*** Data

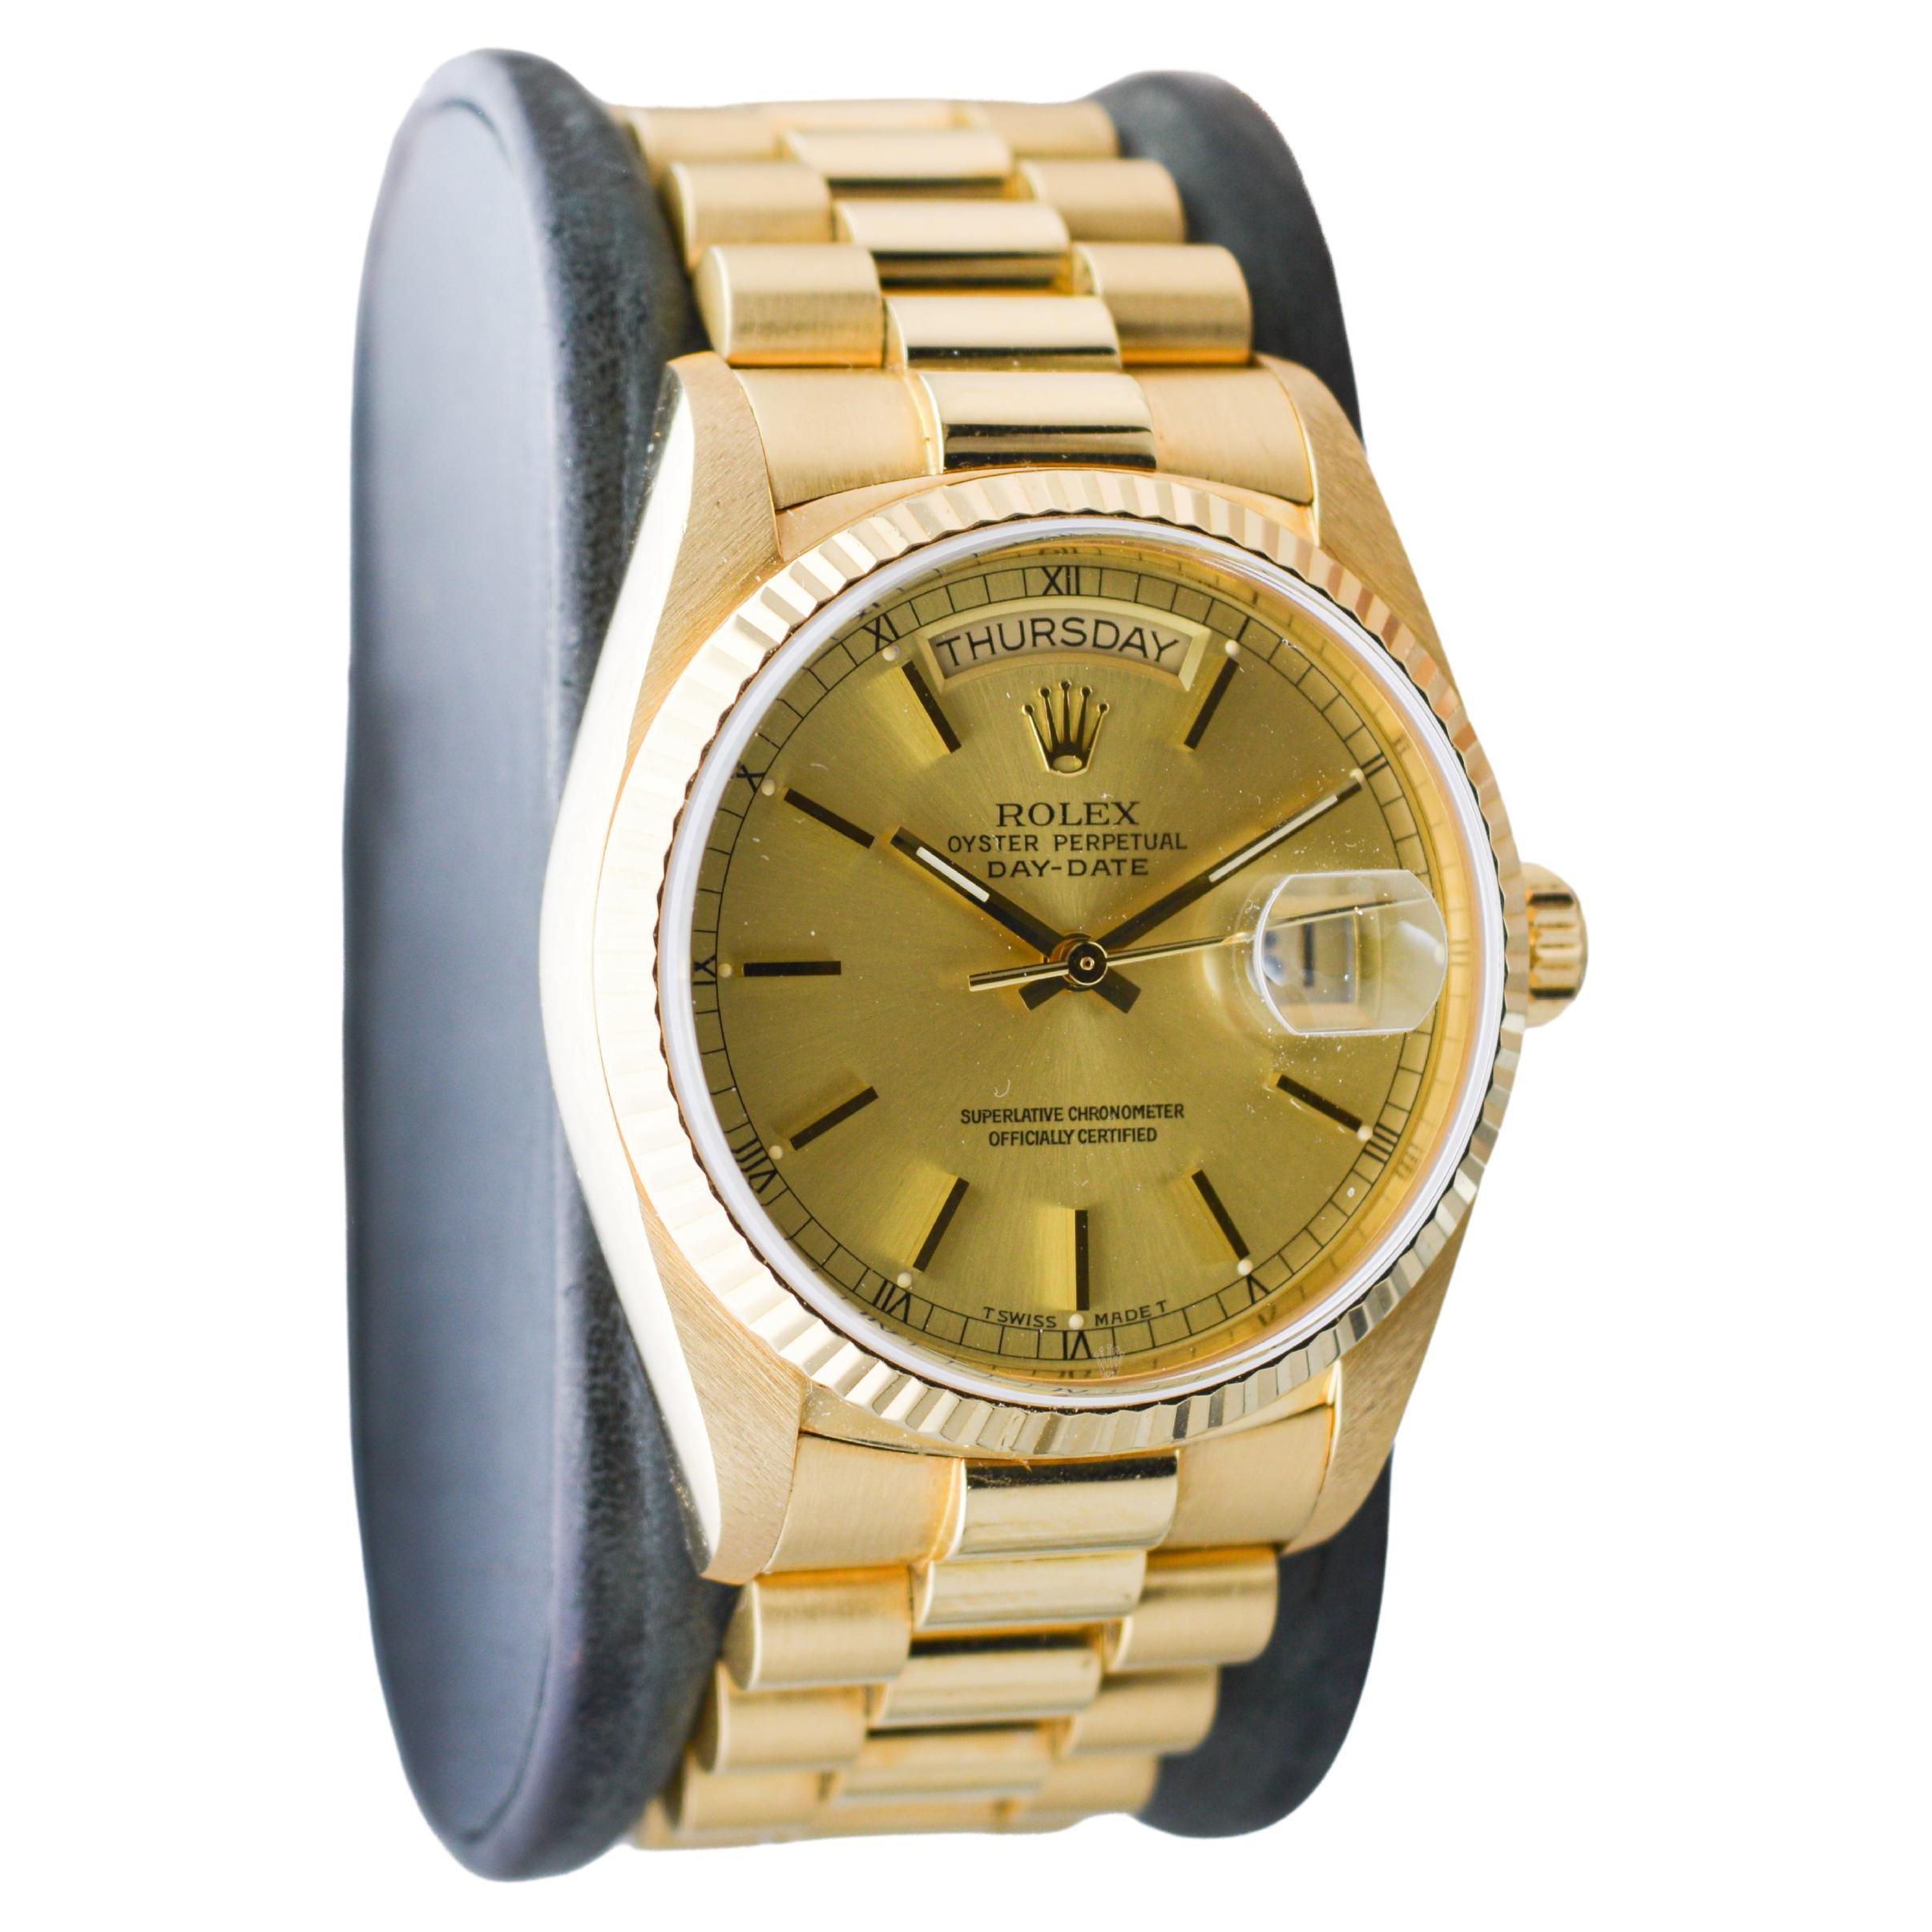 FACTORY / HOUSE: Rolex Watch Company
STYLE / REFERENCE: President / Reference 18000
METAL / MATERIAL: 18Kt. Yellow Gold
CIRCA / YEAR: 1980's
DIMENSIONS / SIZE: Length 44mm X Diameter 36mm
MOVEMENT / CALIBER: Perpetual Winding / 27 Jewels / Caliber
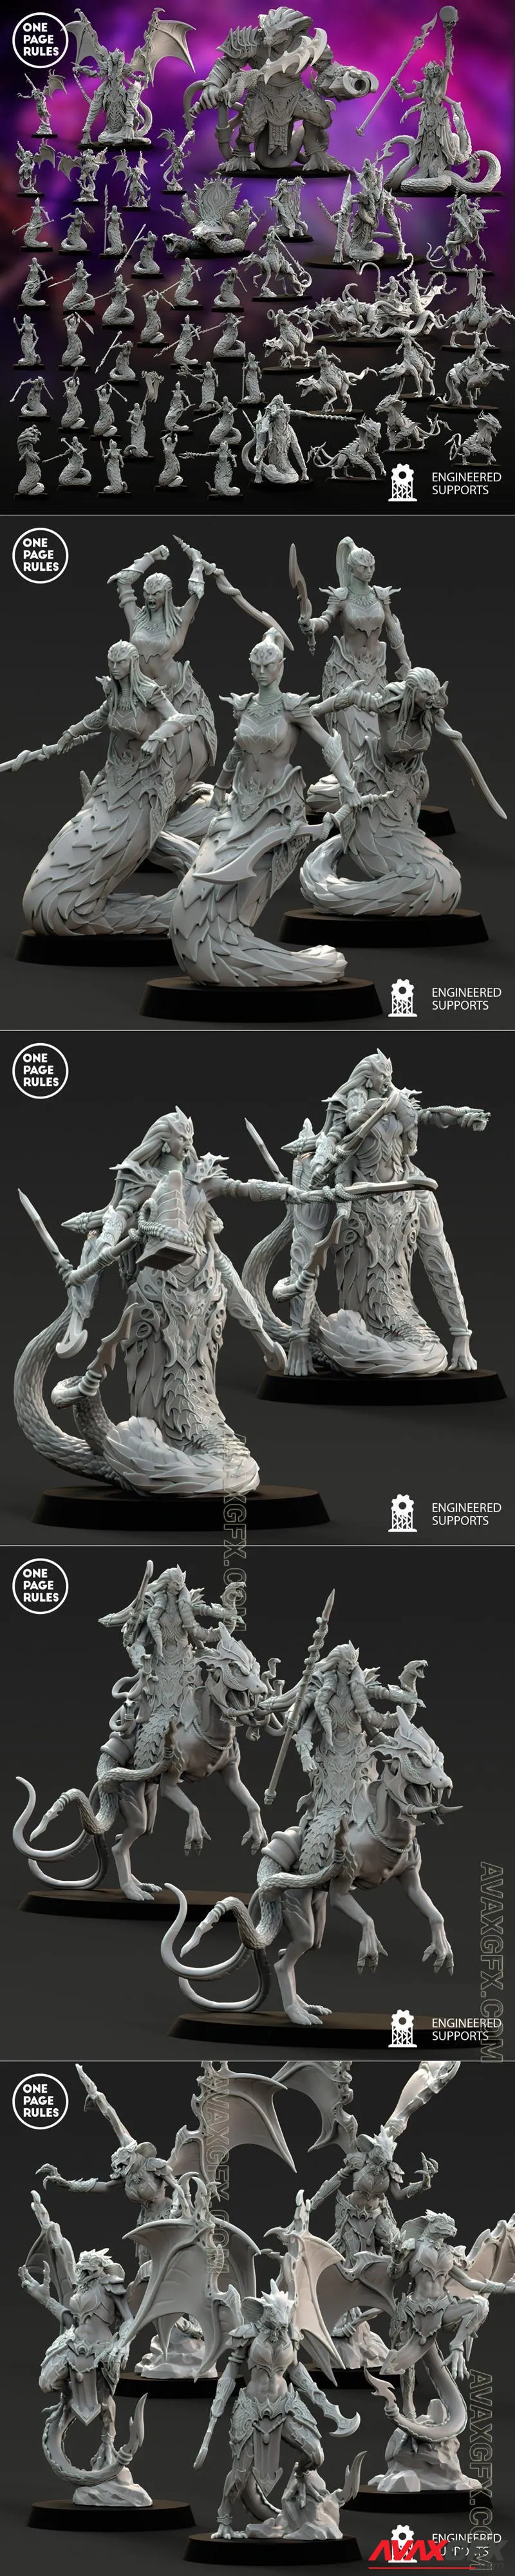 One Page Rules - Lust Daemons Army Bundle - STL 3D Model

******

### What the exercise asks
Leave out the pictures and copy every record above exactly.

### Final answer
 FACTORY / HOUSE: Rolex Watch Company
STYLE / REFERENCE: President / Reference 18000
METAL / MATERIAL: 18Kt. Yellow Gold
CIRCA / YEAR: 1980's
DIMENSIONS / SIZE: Length 44mm X Diameter 36mm
MOVEMENT / CALIBER: Perpetual Winding / 27 Jewels / Caliber
 One Page Rules - Lust Daemons Army Bundle - STL 3D Model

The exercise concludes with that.